Relationship between two solutions

[Milligram]

Let t \in \mathbb{R} be large.
Let f be a function over [0,t] satisfying f(0) = 1 and f'(x) = e^{-f(x)} for all x.
Let g be a function over [0,t] satisfying g(0) = 1 and g'(x) = (1 - g(x)/t^2)^{t^2} for all x. Note that g'(x) \sim e^{-g(x)}.

Without solving the two differential equations and finding out f and g (which can be done at least approximately), can the fact that f(0)=g(0)=1 and g'(x) \sim e^{-g(x)} be used to show that f(x) \sim g(x) for all x in [0,t] ?

 

[HallsofIvy]

Let t \in \mathbb{R} be large.
Let f be a function over [0,t] satisfying f(0) = 1 and f'(x) = e^{-f(x)} for all x.
Let g be a function over [0,t] satisfying g(0) = 1 and g'(x) = (1 - g(x)/t^2)^{t^2} for all x.

This makes no sense. If g is a function of x only, its derivative cannot depend upon both x and t. Did you mean g'(x) = (1 - g(x)/x^2)^{x^2}?
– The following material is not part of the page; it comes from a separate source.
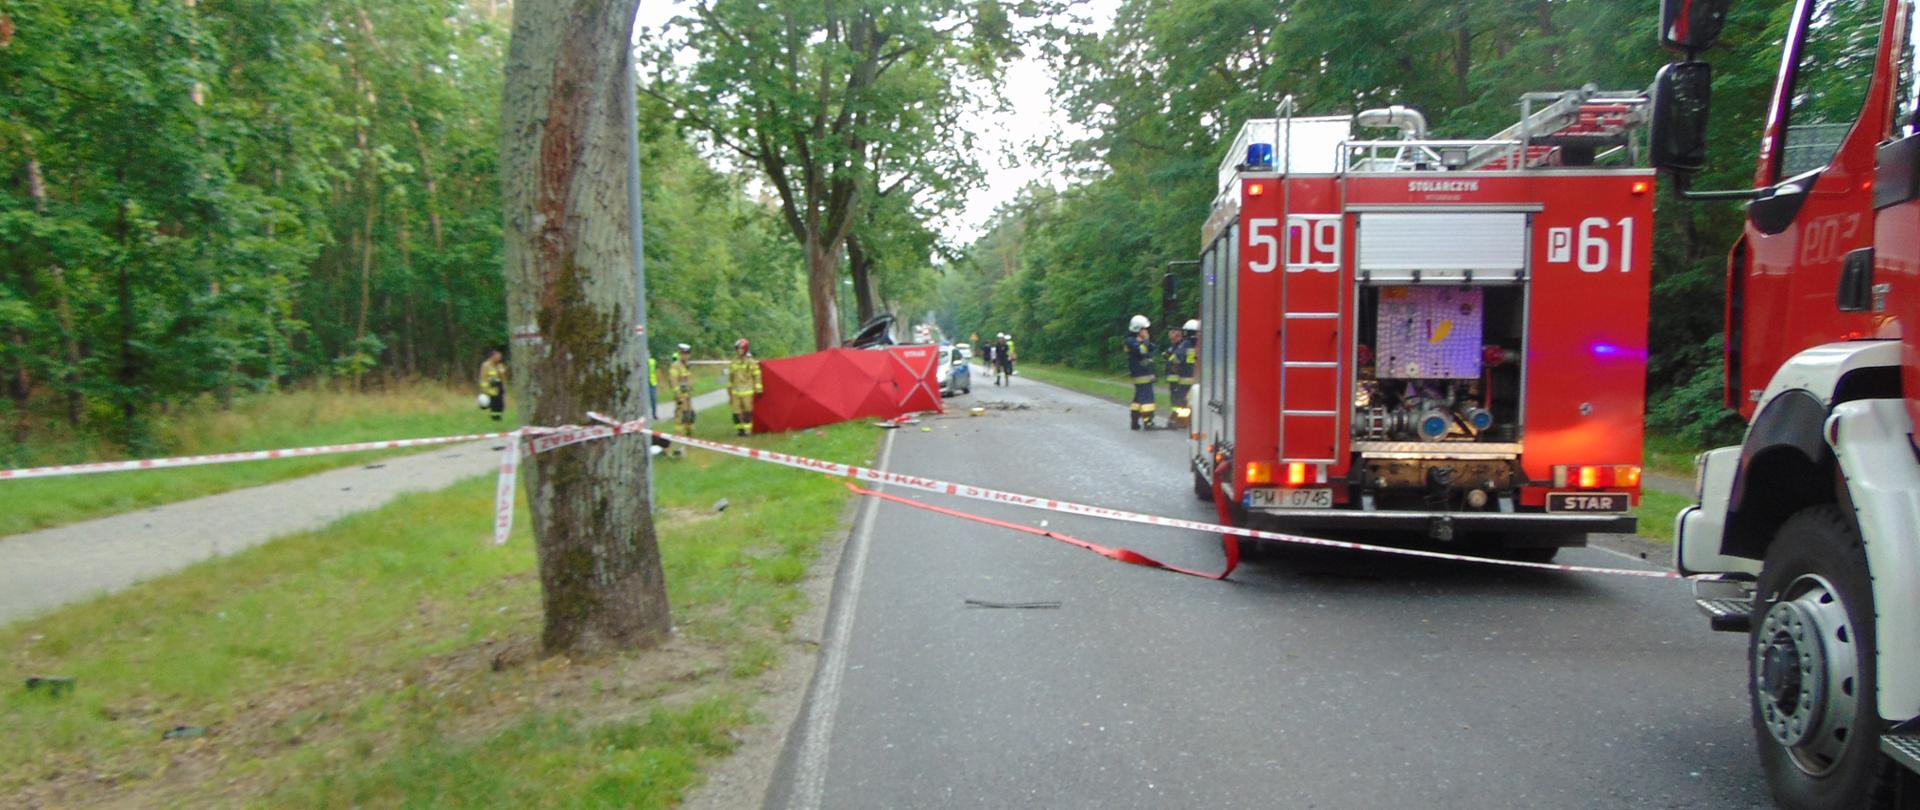 Na drodze stoi samochód straży pożarnej. W oddali widać parawan zasłaniający miejsce wypadku.

Note that g'(x) \sim e^{-g(x)}.

Without solving the two differential equations and finding out f and g (which can be done at least approximately), can the fact that f(0)=g(0)=1 and g'(x) \sim e^{-g(x)} be used to show that f(x) \sim g(x) for all x in [0,t] ?

 

[Milligram]

HallsofIvy, I meant for g(x) to depend on x and t. You should think of t as being a large constant, say, t=10^{10}.